Scientists beam entangled particles between drones paving way for quantum internet, media says
Sputnik news agency and radio 15:26 GMT 16.01.2021
The head of the team that performed the experiment is hopeful that similar quantum connections can be created at distances of over 300 km, via drones operating at high altitude. The quantum internet is a theoretical system of interconnected quantum computers that uses quantum signals to send information rather than radio waves.
A team of scientists from China's Nanjing University has made a quantum internet breakthrough by successfully sending entangled photons between a pair of drones hovering 1 km apart from each other, New Scientist reports.

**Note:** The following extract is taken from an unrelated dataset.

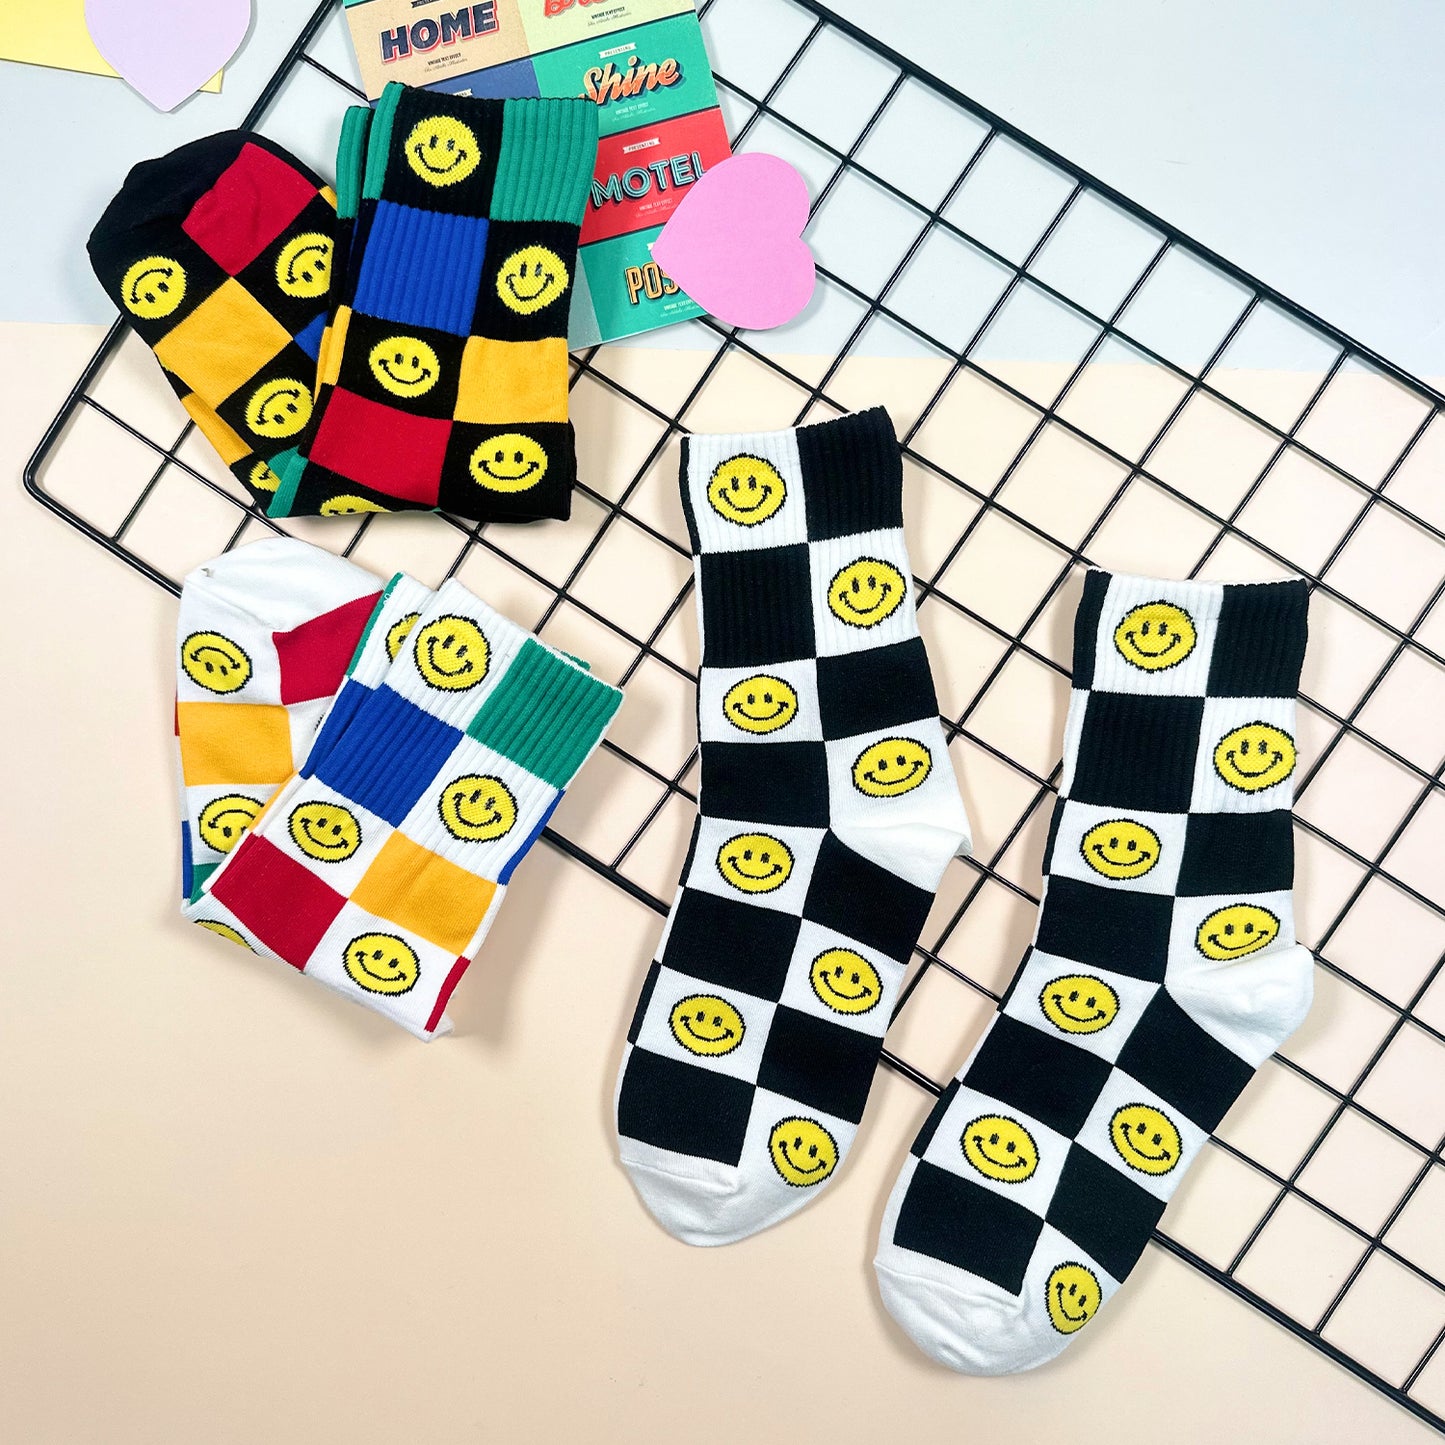 Women's Crew Socks - Smile Checkerboard

As the media outlet points out, while previous experiments have already confirmed that entangled photons can be transported "more than 1000 km in tests between a satellite and ground stations," the feat achieved by the team led by Zhenda Xie shows that such links can also be created "over shorter distances with relatively inexpensive hardware."

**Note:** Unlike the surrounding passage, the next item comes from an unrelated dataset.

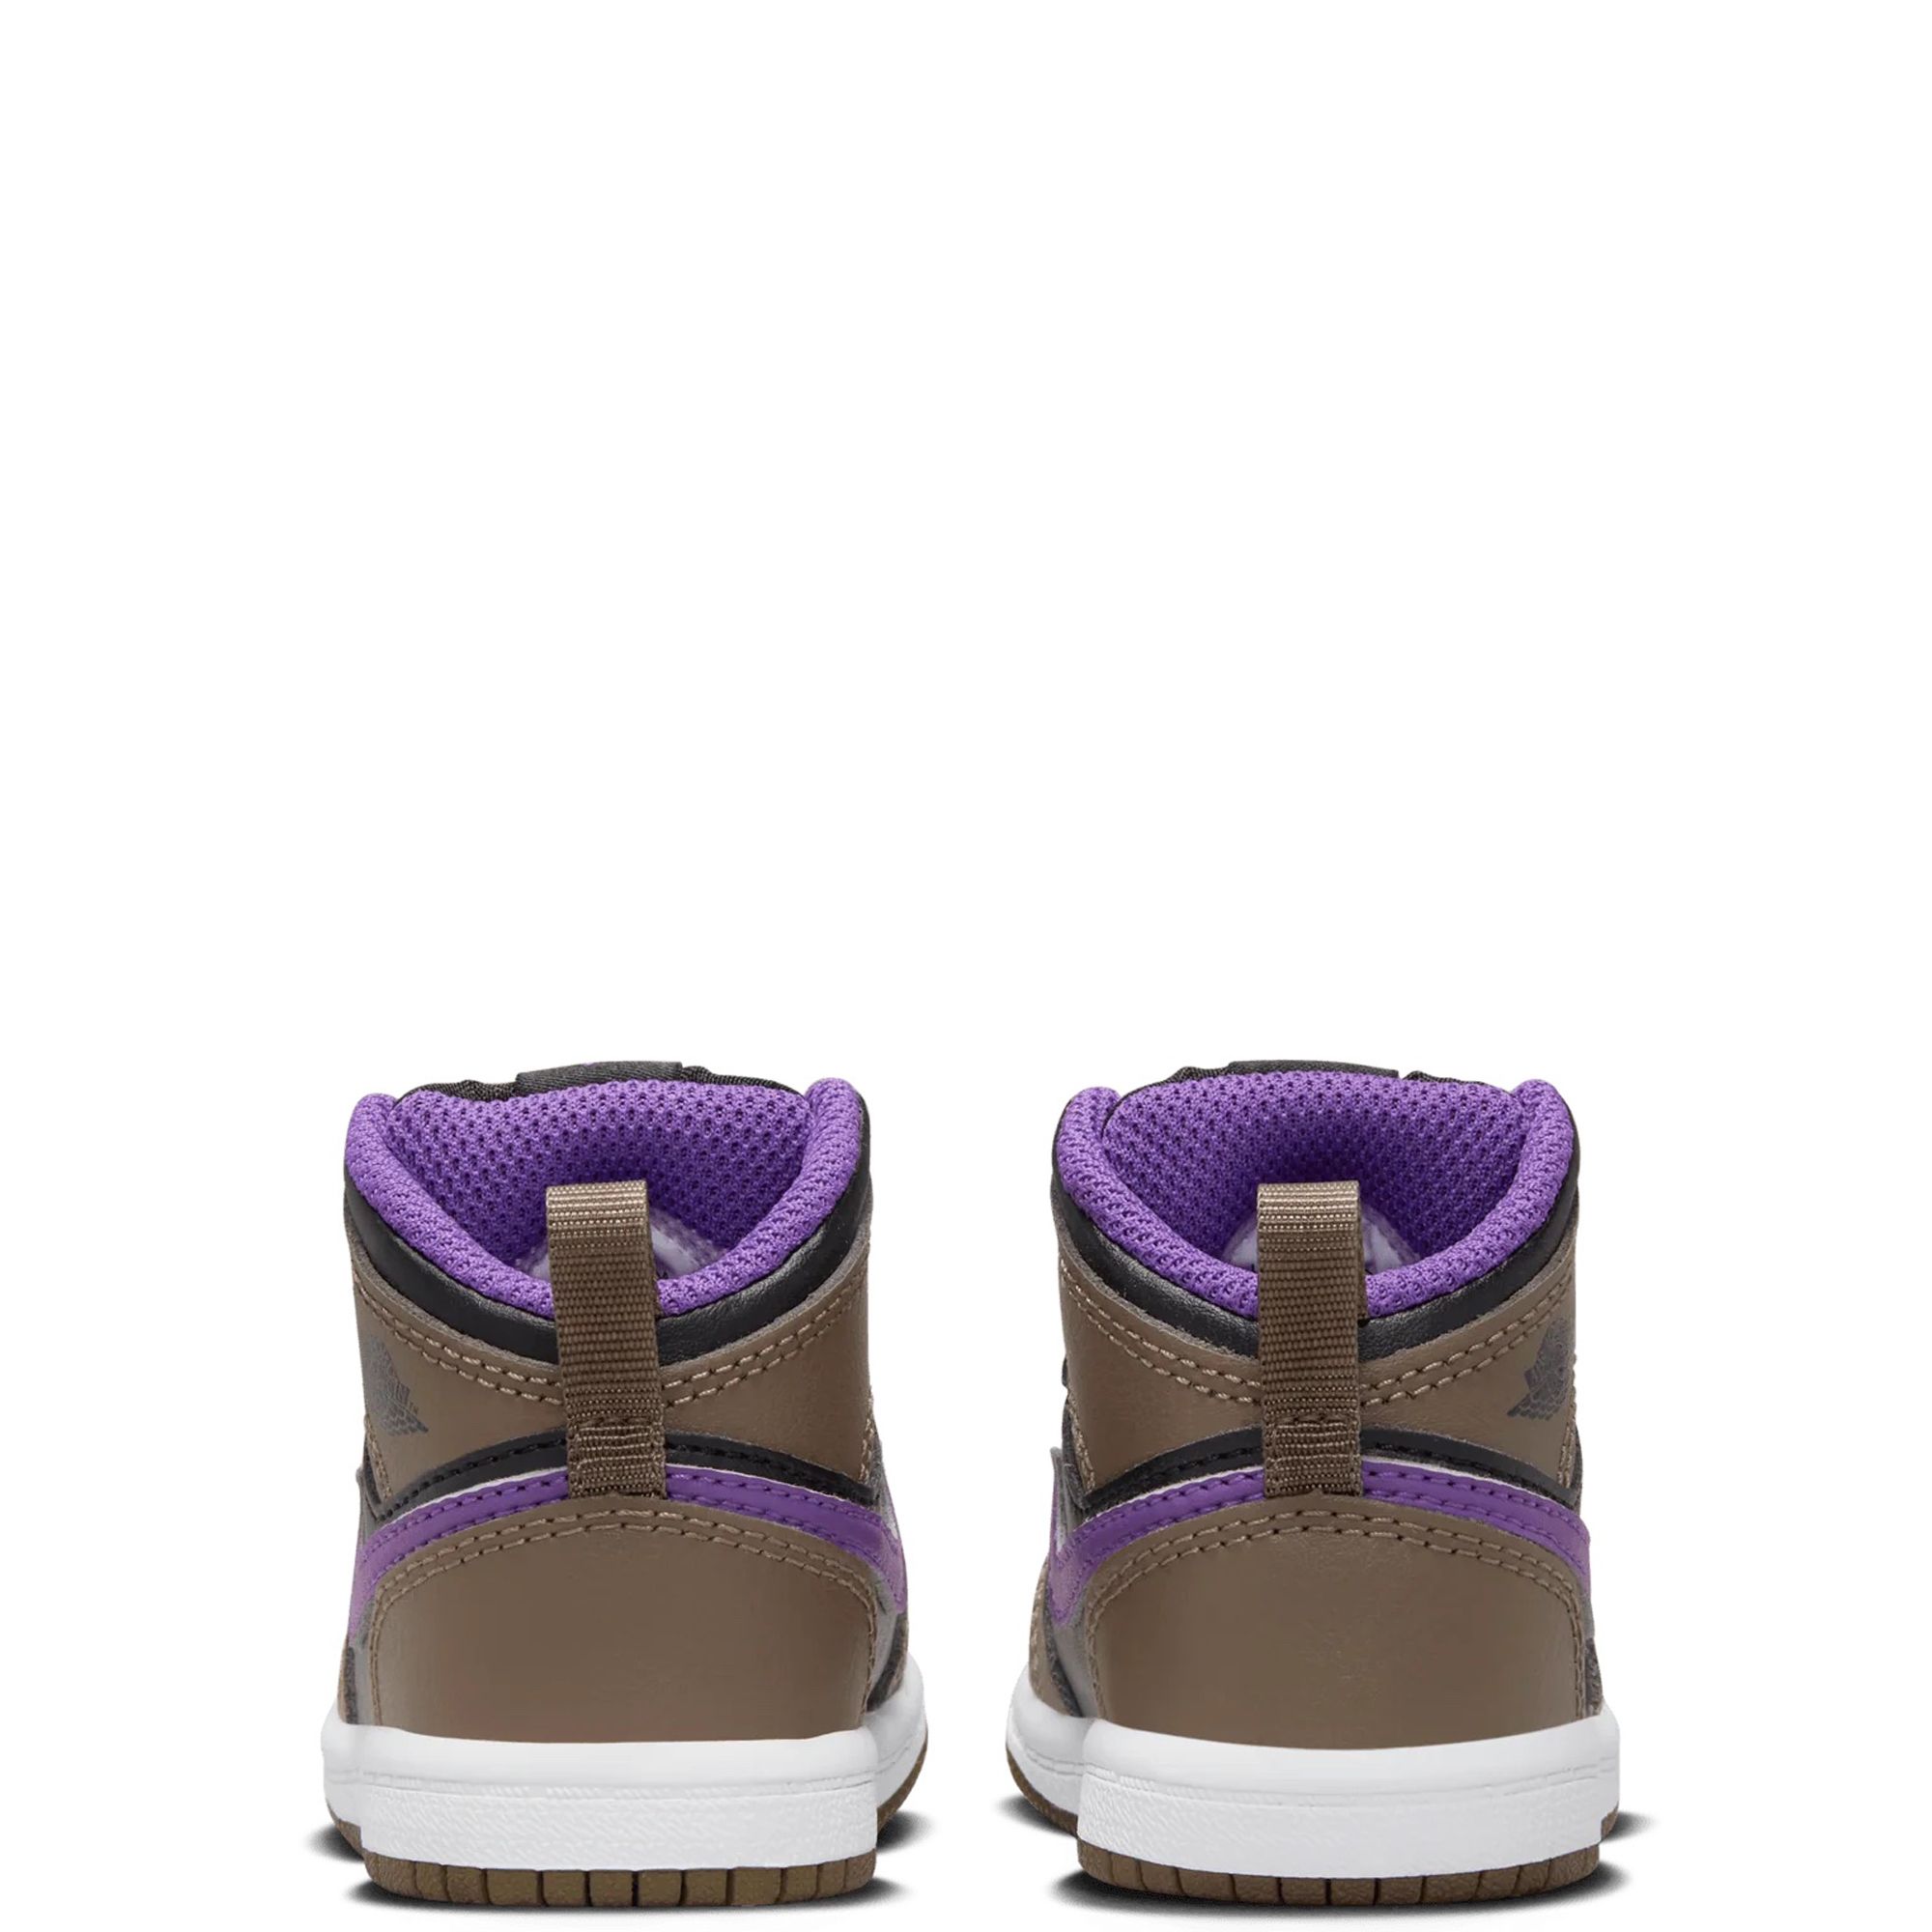 Nike Jordan 3 Palomino Mens Shoes Size 8-12 new sneakers

During the experiment in question, a pair of entangled photons was produced by "splitting a single photon with a crystal" with a laser installed on one of the drones.
While one of the photons was sent to a ground station, the other was relayed to the second drone, "with the particles being focused and steered through the relay drone by a short piece of fibre-optic cable." The state of both photons was monitored by the ground station, ensuring that both particles remained entangled.

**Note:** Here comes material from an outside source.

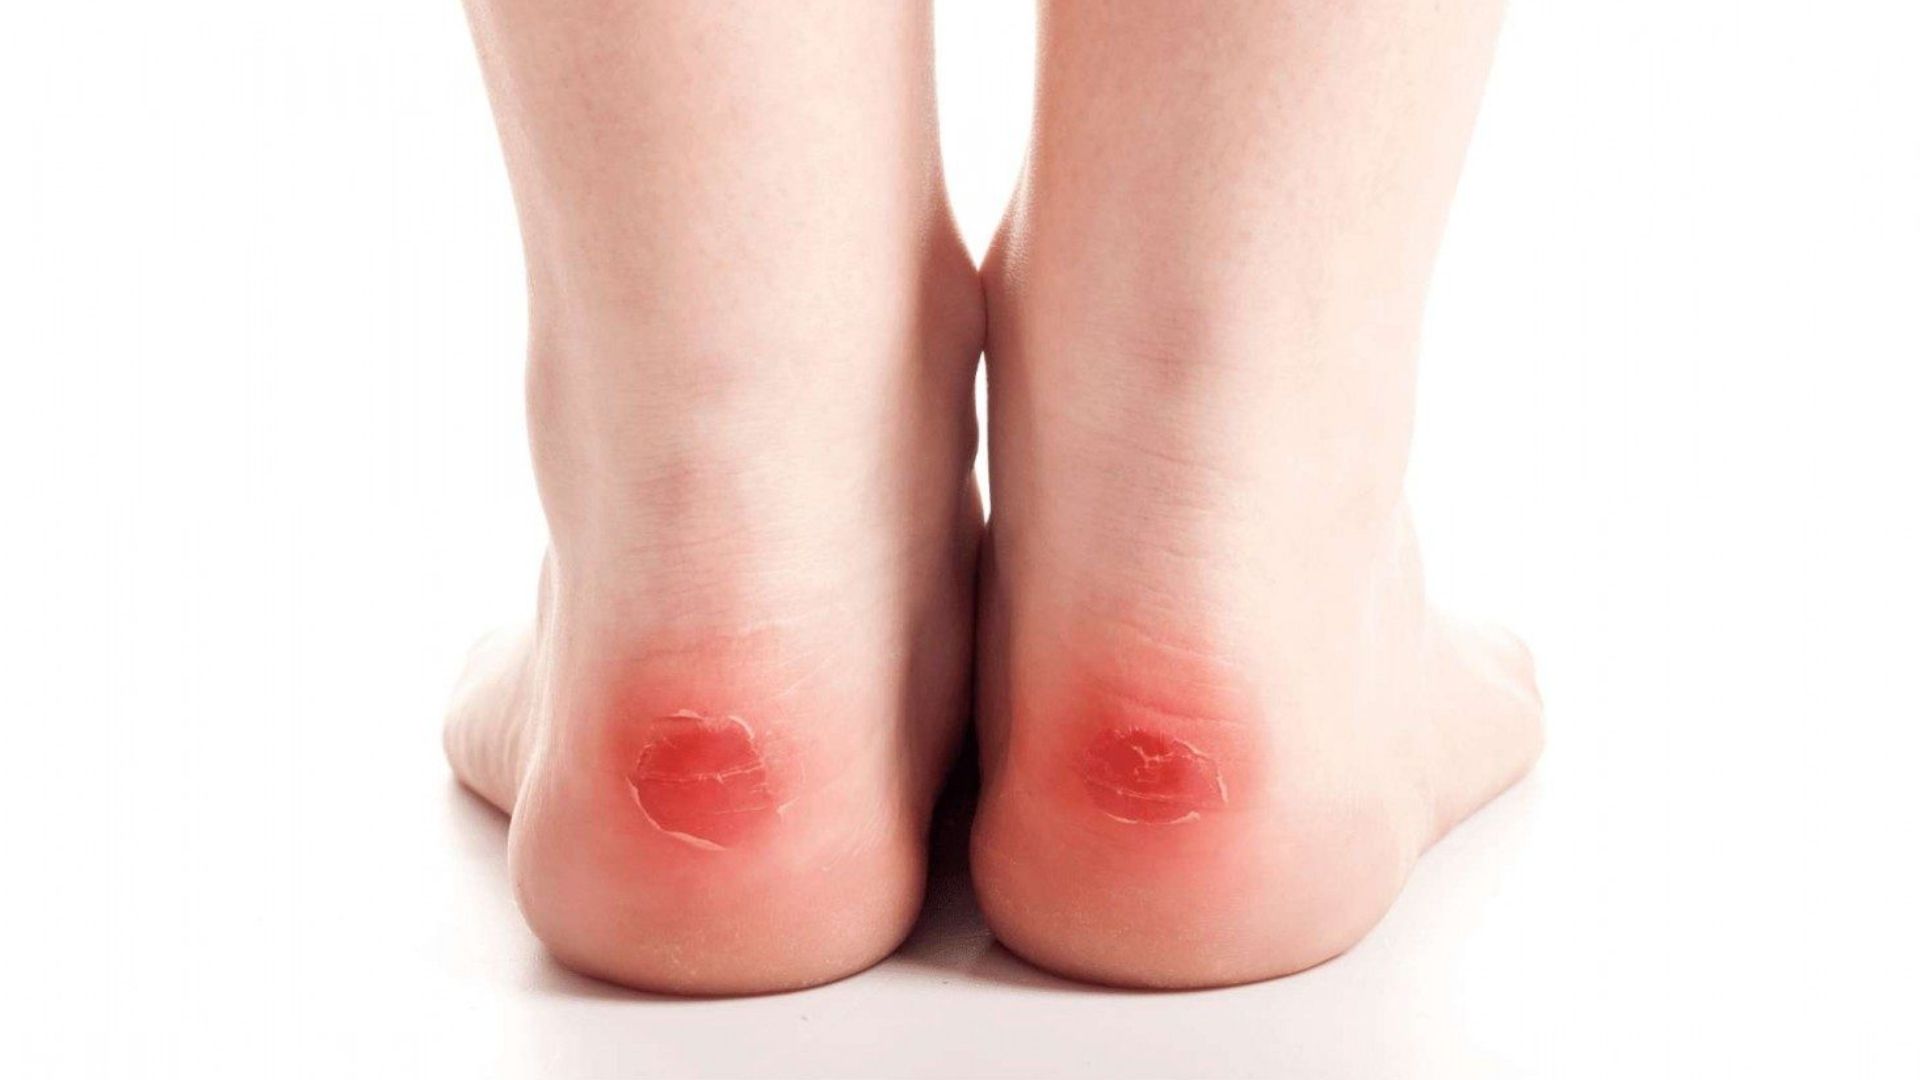 Reddish Skin Colour Of Back Side Of Feet

Commenting on this development, Siddarth Joshi from the University of Bristol remarked that this could be an important step towards the creation of the quantum internet, and that drones could play a prominent role in its realisation.
"You’re driving around in your car and you want to maintain secure quantum communications, so you have these drones flying around behind you," he said.
Meanwhile, Xie is hopeful that "connections of over 300 km can be achieved by more advanced drones at high altitude," where they won't be hampered by weather and pollution, and that "smaller, more cost-effective drones could be produced for local connections," the media outlet adds.